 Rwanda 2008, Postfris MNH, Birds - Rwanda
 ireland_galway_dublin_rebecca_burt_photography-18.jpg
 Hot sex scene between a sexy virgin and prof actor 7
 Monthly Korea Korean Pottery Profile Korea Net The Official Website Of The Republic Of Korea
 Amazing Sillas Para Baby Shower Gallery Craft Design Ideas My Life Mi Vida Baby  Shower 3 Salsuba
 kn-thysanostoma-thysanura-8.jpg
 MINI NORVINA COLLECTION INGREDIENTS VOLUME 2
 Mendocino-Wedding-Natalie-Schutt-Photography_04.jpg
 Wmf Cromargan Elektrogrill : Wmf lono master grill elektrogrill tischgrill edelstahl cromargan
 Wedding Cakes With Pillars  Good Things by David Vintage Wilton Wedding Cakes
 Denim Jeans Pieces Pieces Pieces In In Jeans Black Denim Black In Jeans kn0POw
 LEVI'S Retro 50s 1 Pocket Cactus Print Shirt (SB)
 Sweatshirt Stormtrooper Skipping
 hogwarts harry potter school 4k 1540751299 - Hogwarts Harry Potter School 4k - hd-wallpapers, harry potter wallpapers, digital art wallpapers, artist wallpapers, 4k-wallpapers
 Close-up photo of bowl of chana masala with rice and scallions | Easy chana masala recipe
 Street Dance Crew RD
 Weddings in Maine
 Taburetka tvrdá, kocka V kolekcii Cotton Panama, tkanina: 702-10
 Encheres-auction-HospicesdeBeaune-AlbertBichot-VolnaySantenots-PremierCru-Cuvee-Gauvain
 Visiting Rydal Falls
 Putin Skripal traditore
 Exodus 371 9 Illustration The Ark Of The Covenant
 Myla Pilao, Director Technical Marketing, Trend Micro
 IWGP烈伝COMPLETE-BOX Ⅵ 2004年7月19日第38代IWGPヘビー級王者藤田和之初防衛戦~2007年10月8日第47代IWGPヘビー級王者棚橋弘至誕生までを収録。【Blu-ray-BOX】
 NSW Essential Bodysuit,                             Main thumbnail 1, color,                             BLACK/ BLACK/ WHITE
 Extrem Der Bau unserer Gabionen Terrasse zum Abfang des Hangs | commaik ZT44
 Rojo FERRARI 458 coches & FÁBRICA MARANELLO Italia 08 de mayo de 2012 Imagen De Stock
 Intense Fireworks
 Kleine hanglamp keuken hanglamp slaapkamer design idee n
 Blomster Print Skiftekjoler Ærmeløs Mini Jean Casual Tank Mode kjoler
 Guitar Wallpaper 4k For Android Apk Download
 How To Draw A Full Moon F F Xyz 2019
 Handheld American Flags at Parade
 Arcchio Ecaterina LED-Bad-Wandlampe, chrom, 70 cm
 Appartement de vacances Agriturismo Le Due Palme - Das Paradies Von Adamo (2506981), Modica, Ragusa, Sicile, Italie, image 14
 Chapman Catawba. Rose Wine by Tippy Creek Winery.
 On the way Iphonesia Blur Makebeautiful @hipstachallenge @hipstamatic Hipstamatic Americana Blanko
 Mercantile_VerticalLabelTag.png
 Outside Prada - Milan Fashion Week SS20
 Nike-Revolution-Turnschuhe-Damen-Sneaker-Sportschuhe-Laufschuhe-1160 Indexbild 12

== Assignment ==
The answer consists of every line above in which the word "Print" occurs.

== Output ==
 LEVI'S Retro 50s 1 Pocket Cactus Print Shirt (SB)
 Blomster Print Skiftekjoler Ærmeløs Mini Jean Casual Tank Mode kjoler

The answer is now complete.